The world's first and largest climate-positive direct air capture and storage facility, designed to suck up and store carbon dioxide underground, has just gone live in Hellisheidi, Iceland. For the direct air capture industry as a whole, the unveiling of 'Orca' on Wednesday was a great moment of ambition becoming a reality.
Iceland's Carbfix and Switzerland's Climeworks built the plant. It takes its name from the Icelandic word 'orka,' which means 'energy.' Climeworks' direct air capture technology and Carbfix's underground storage brought the giant machine to life.
DAC Machine Captures Carbon Dioxide
Climeworks, a Zurich-based firm, is said to have built the enormous $15 million "direct air capture" or DAC equipment, which was recently installed at Iceland's Hellisheii Power Station. As part of the overall endeavor to lower greenhouse gas levels in the earth's atmosphere, Orca can capture 4,000 metric tons of CO2 each year.
According to WSBuzz, this is the equivalent of roughly 790 vehicles being emitted annually. However, International Energy Agency said this figure is a drop in the bucket compared to worldwide CO2 emissions, which are expected to reach 34.7 billion tons in 2020.
The 'Heart' of the Plant That Processes Carbon Dioxide
The plant gathers carbon dioxide by drawing air into a collector (the plant's heart), which contains a filter substance. Climeworks said the two-step process of capturing carbon dioxide occurs in all eight collector containers, which are metal boxes that look like maritime shipping containers.

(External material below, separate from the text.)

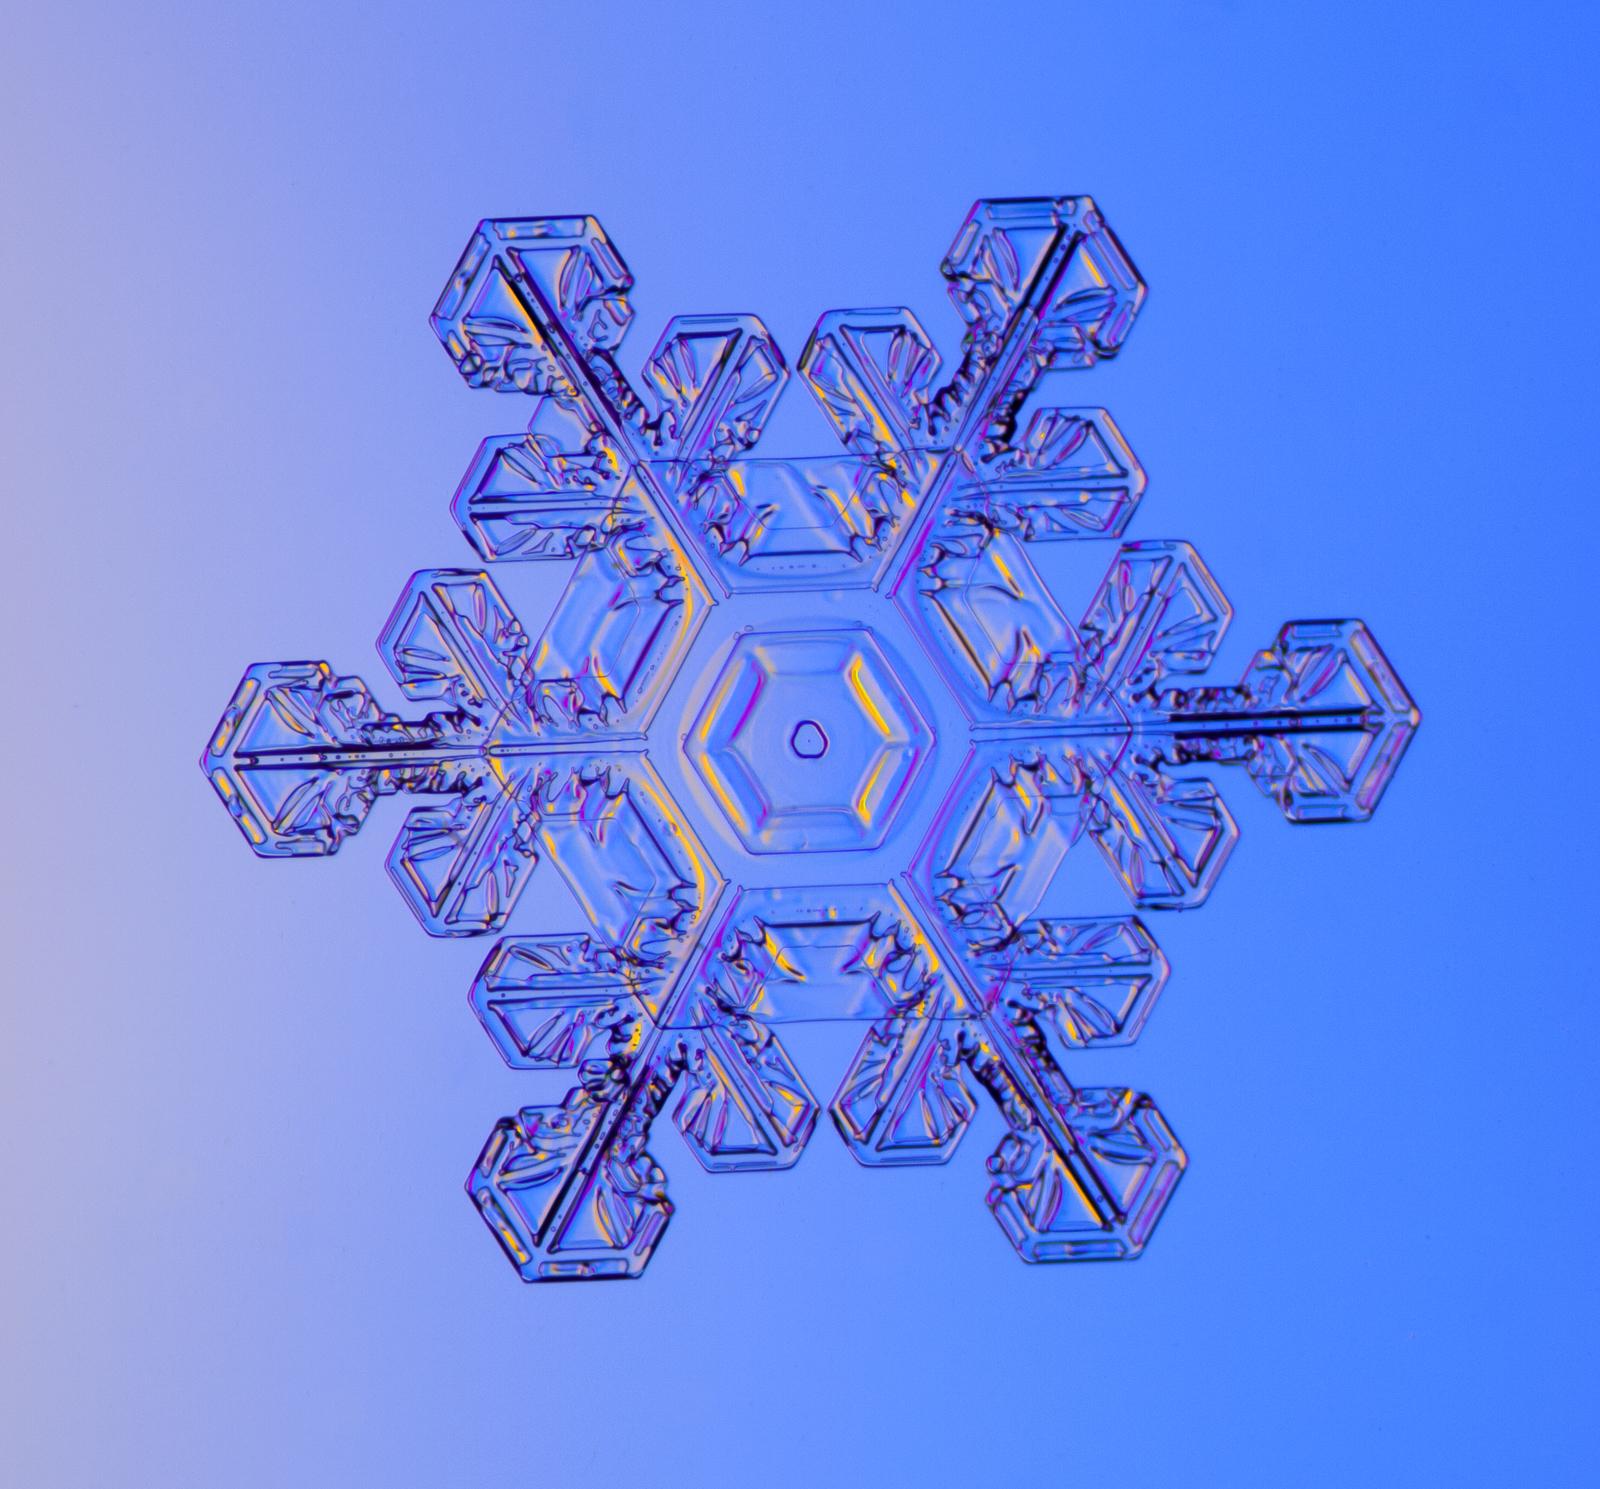 Snow, snowflake, snow crystal, real snowflake, snowflake photography

Direct air capture technology, or DAC, works just as it sounds. Giant fans are said to pull ambient air into contact with an aqueous solution that takes up carbon dioxide and pushes it into a trap.
First, the air is drawn into the collector by a fan. Carbon dioxide trapped inside the collectors is subsequently captured by the extremely selective filter material. Second, once the filter material has been loaded with CO2, the collector is closed and the temperature is raised to between 80 and 100 °C to release the CO2 and collect the highly purified, highly concentrated CO2.

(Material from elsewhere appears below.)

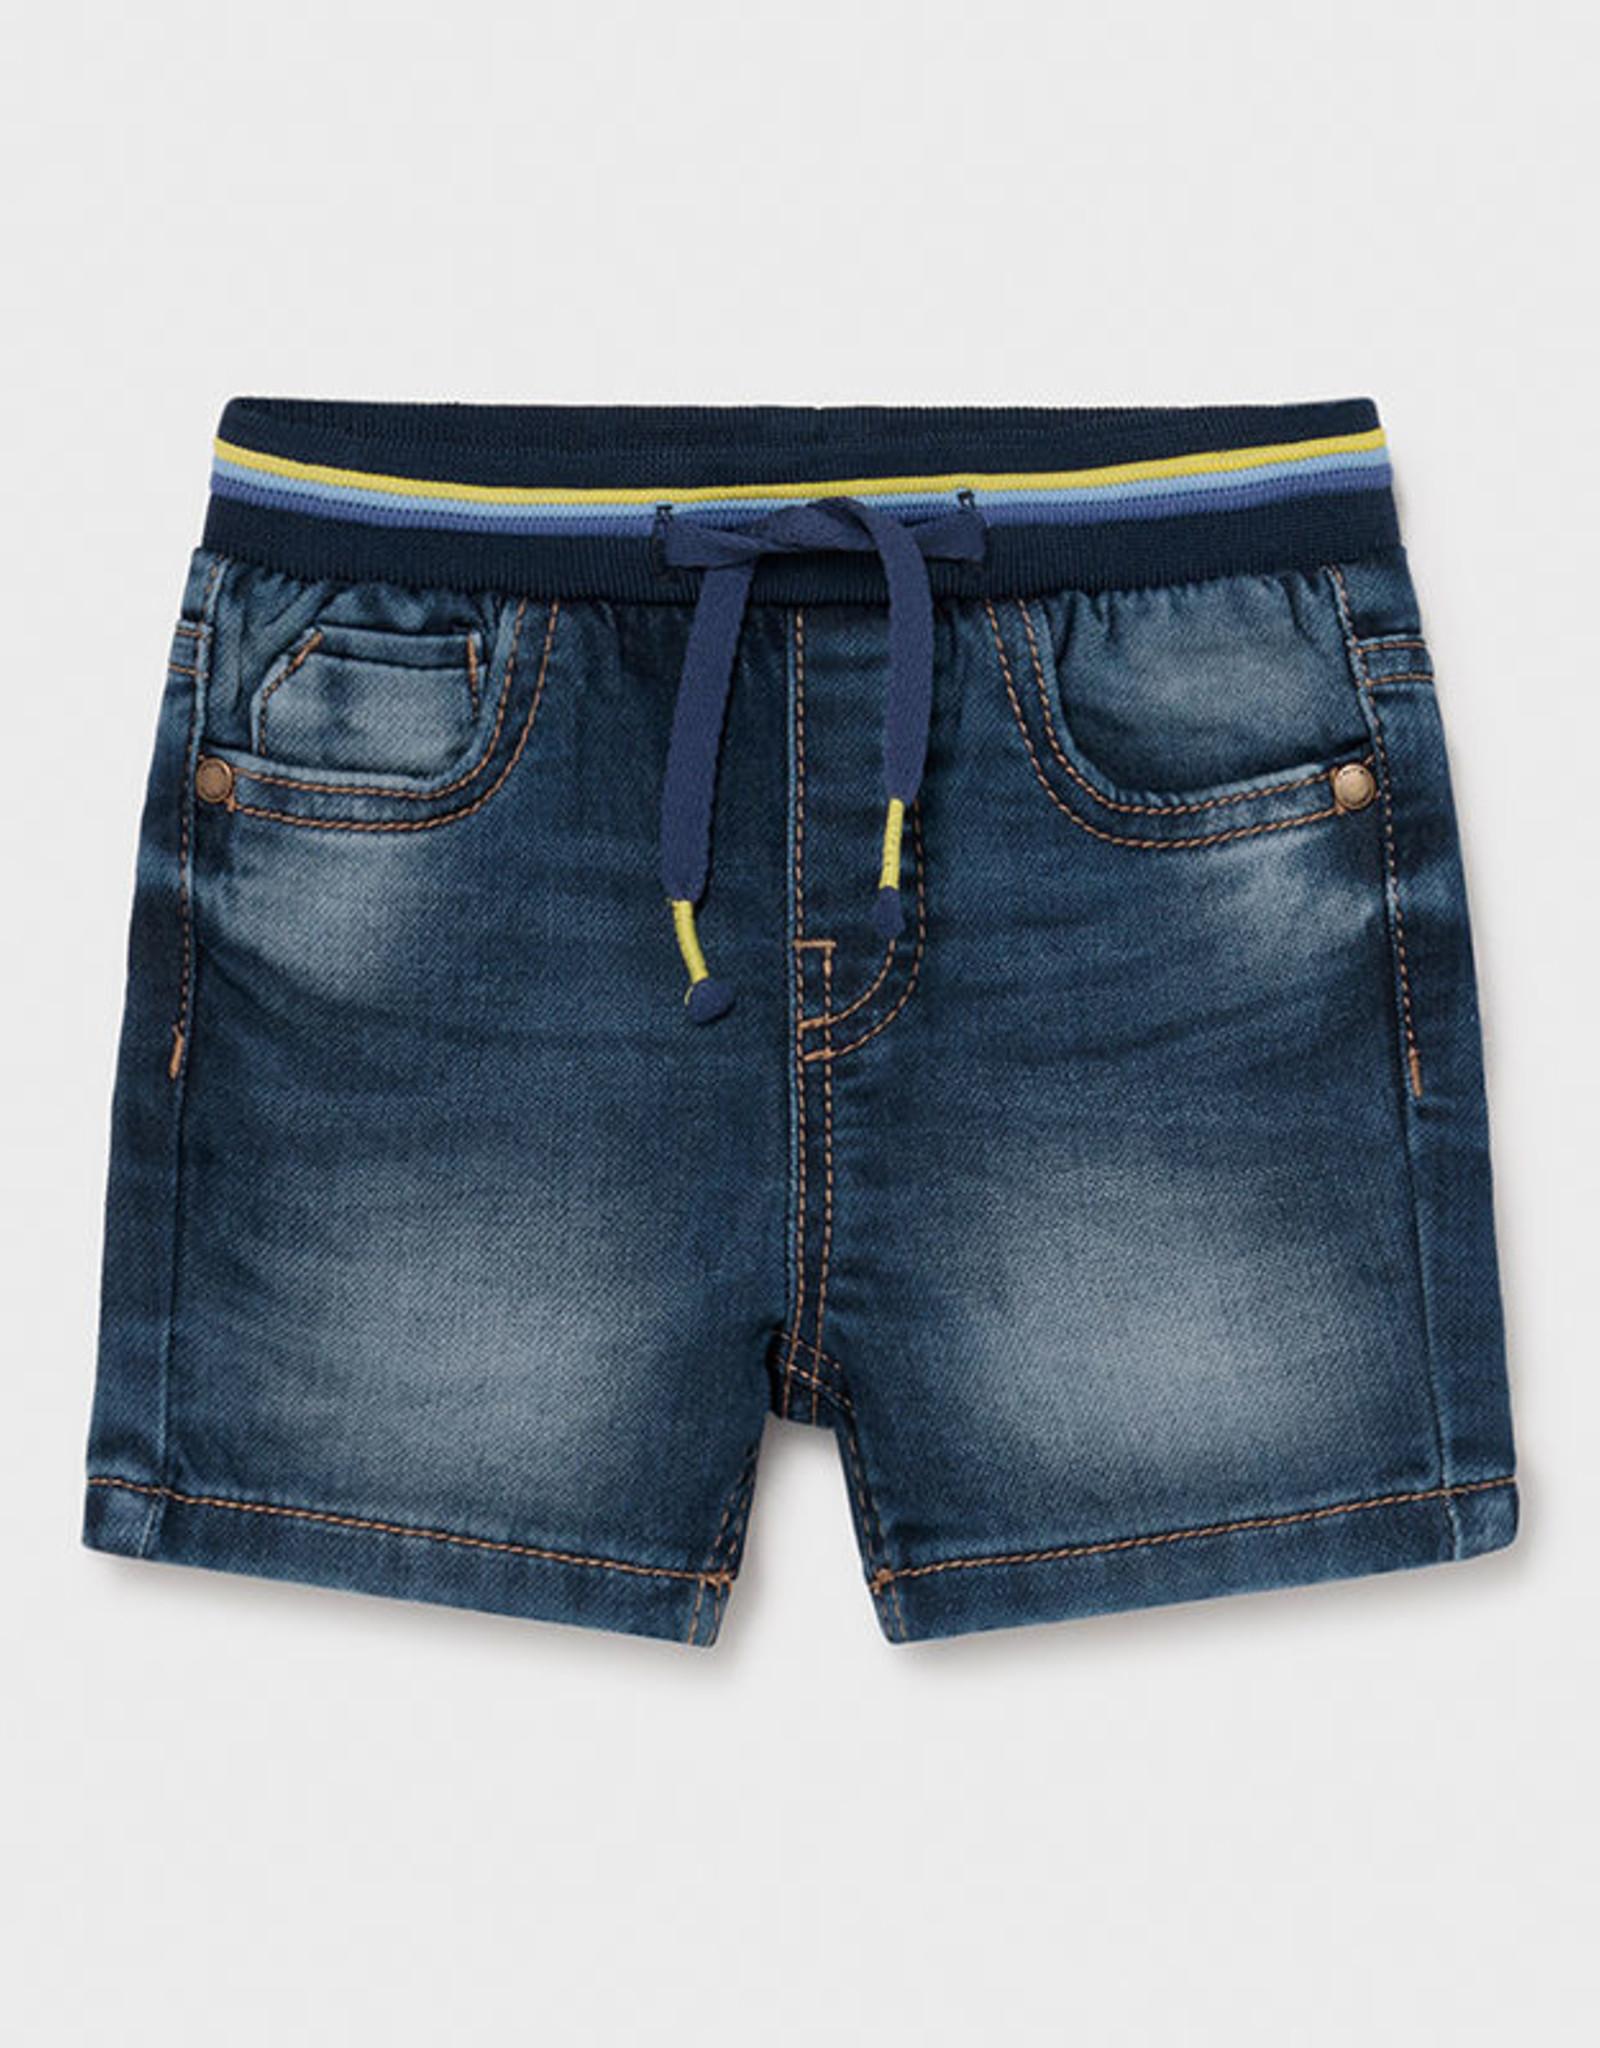 Mayoral SP21 BbyB Denim Shorts

Finally, the CO2 is combined with water before being injected into adjacent basalt rock, where it is petrified, at a depth of 1,000 meters. As world specialists in fast underground carbon dioxide mineralization, the Carbfix's responsibility was to create a robust scientific backbone.
DAC Machine's 'Collector' Units
Science Alert said "collector" devices on one side of the DAC machine suck in CO-2 air from the surrounding environment. On the other side, it releases clean CO2-free air at the same time. CO2 is subsequently collected and stored in collector units, which are then ready for treatment.
Orca, according to Wurzbacher, has been able to give a scalable, adaptable, and even reproducible design for Climeworks' future development as a milestone in the direct air capture sector. As demonstrated on Climeworks, attaining worldwide net-zero emissions is still a long way off at the present.